DESCRIPTION OF THE TASK
Set each line of the material below down word for word, from the first through the line that holds "Salmon pink and", but not the pictures.

THE DATA
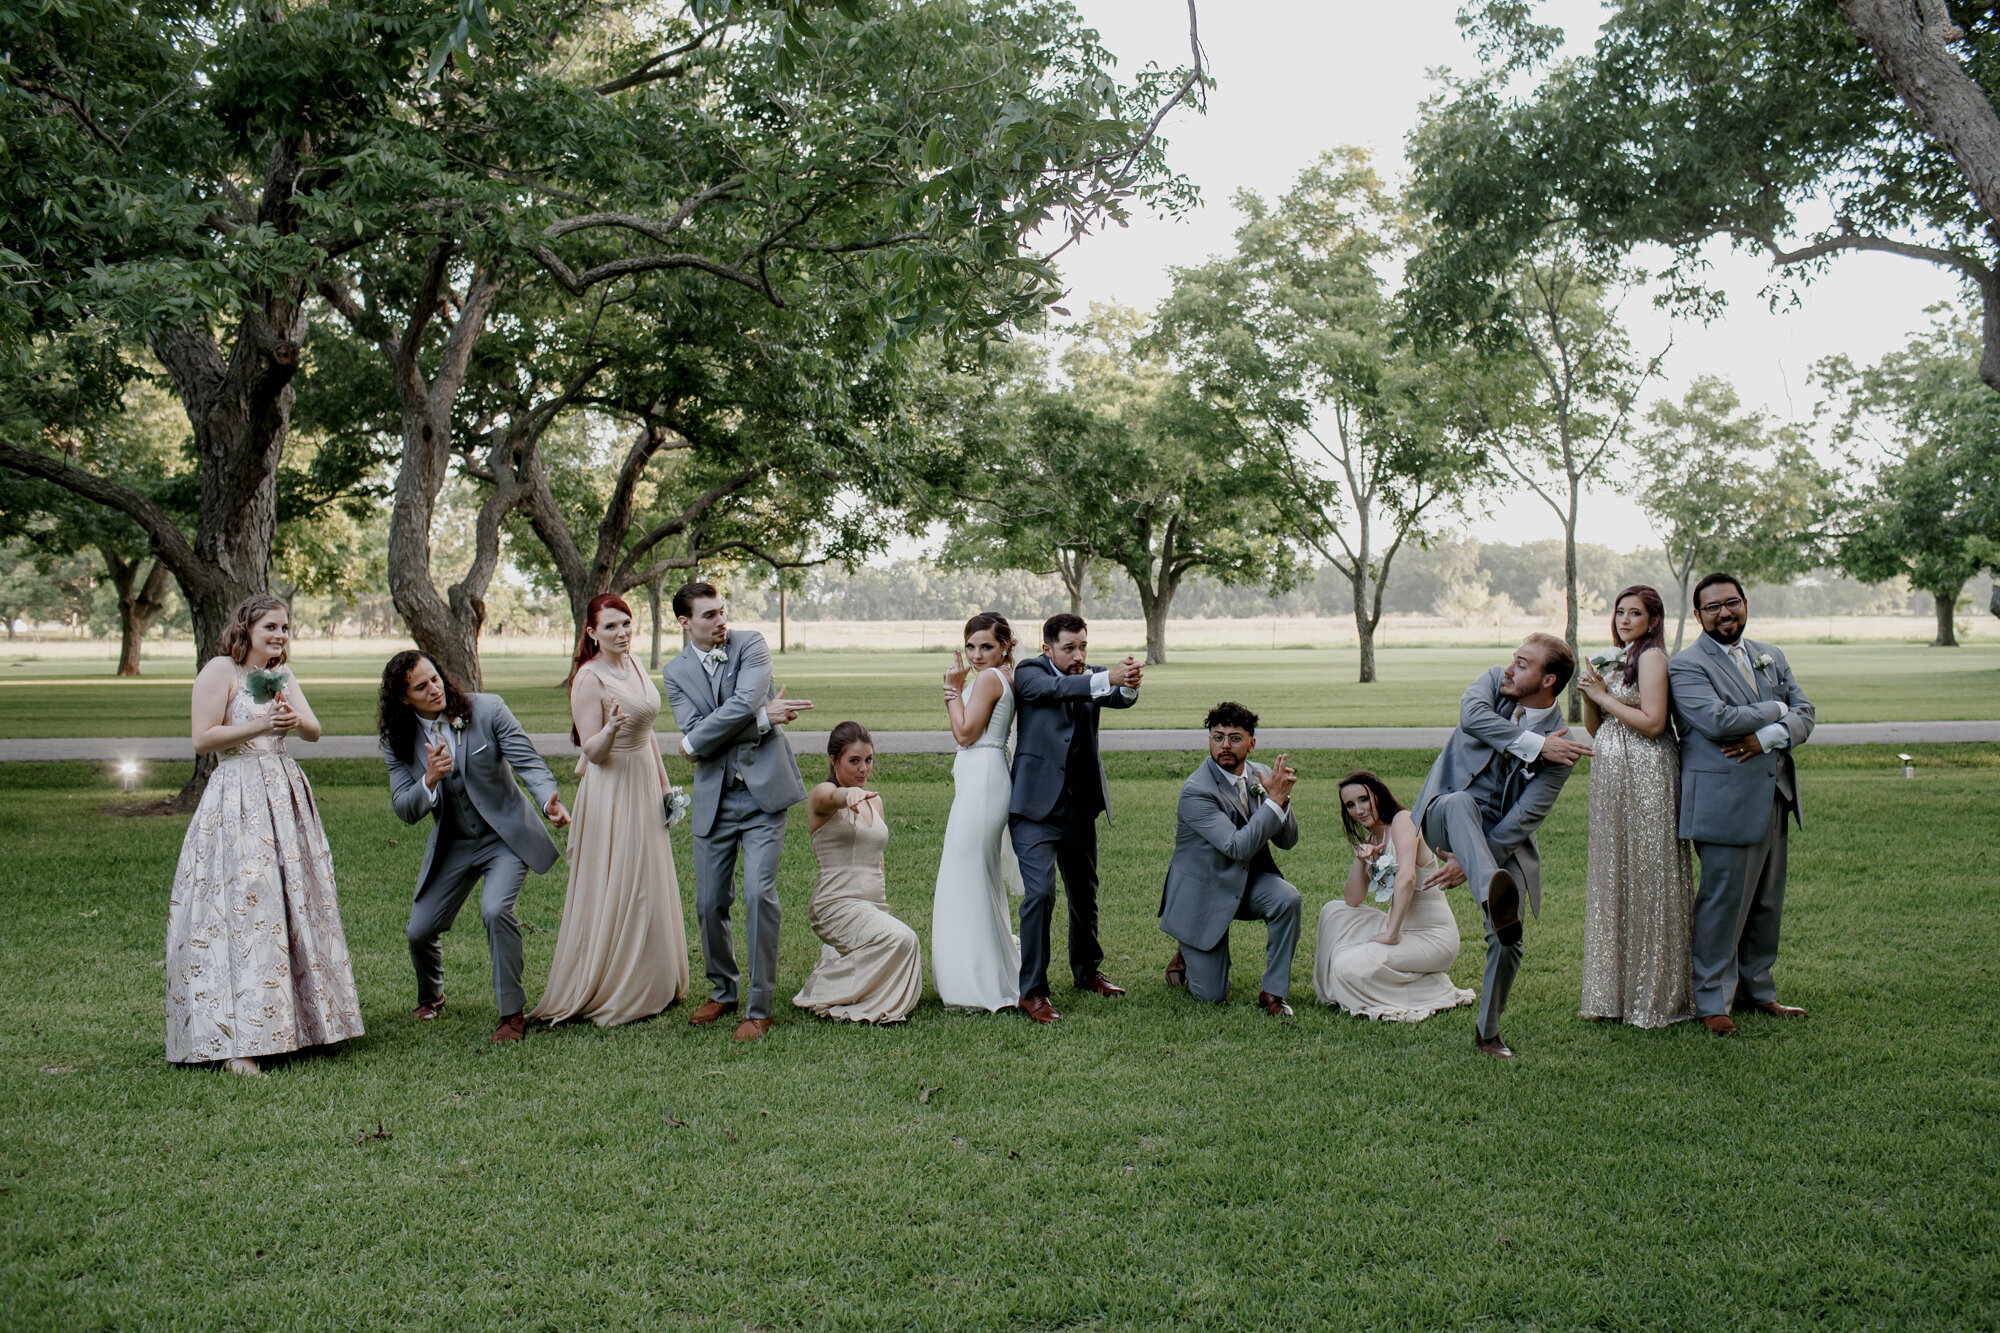 Bride and groom Charlie's Angels portraits with bridal party. Glowing Wedding in Golden Champagne Tones at The Orchard at Caney Creek in Wharton, TX
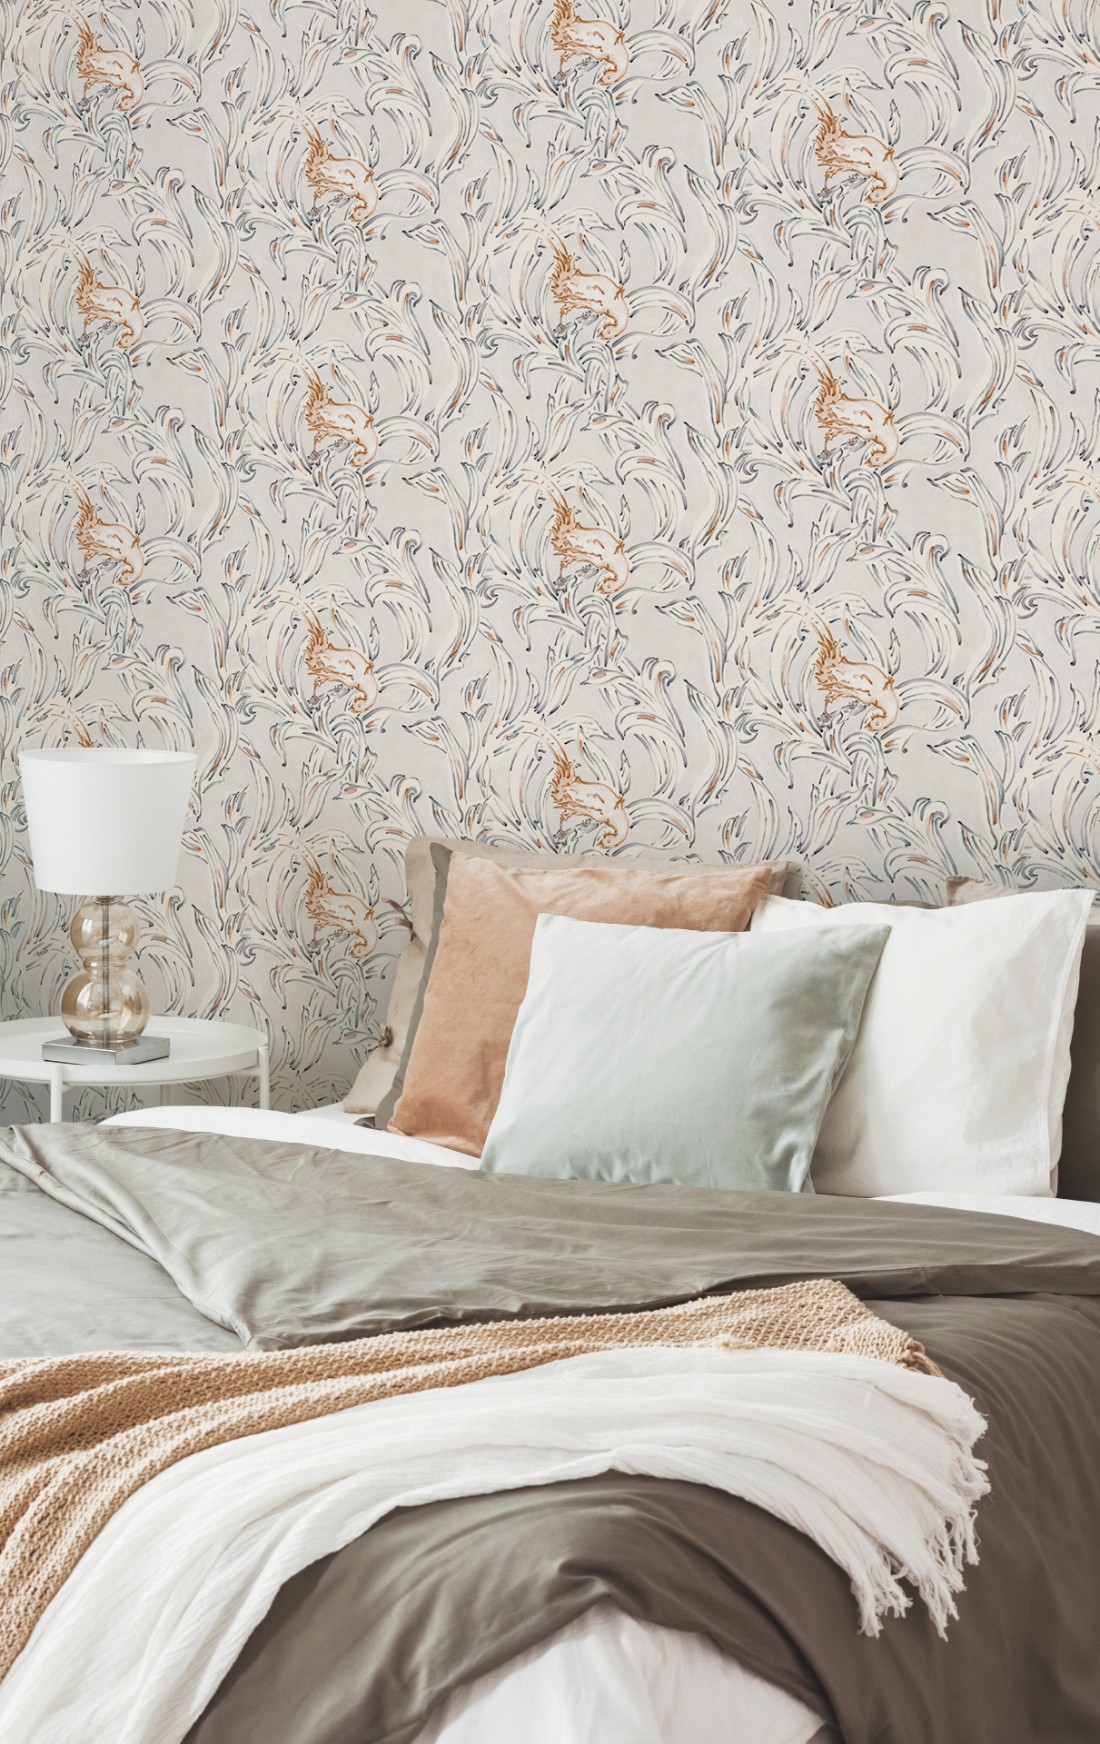 Salmon pink and light grey bedding with soft patterned bedroom wallpaper and white side lamp
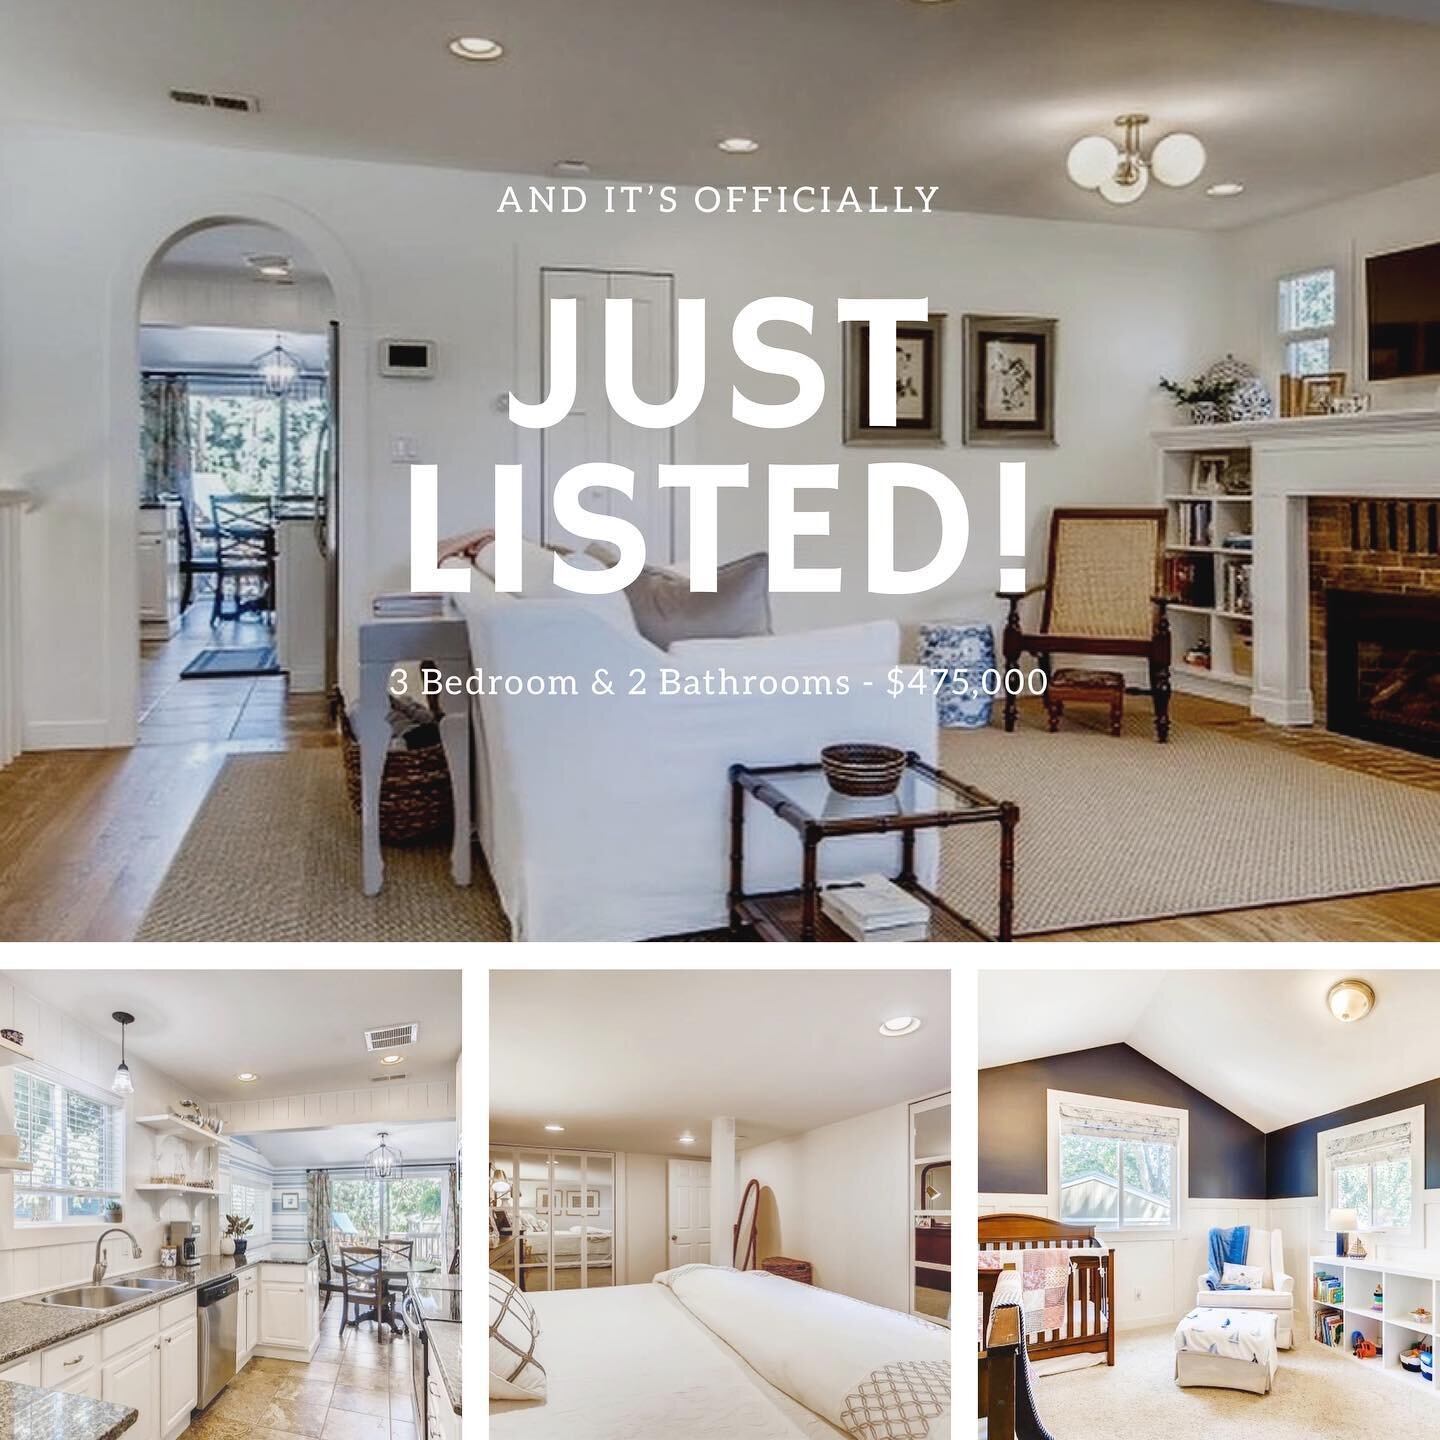 This stunner was just listed by Emily Heck and we know it&rsquo;s not going to last long! Reach out to emily@emblemre.com or message her at @selling.the.rockies for the inside scooo!

WRITTEN SOLUTION
 Bride and groom Charlie's Angels portraits with bridal party. Glowing Wedding in Golden Champagne Tones at The Orchard at Caney Creek in Wharton, TX
 Salmon pink and light grey bedding with soft patterned bedroom wallpaper and white side lamp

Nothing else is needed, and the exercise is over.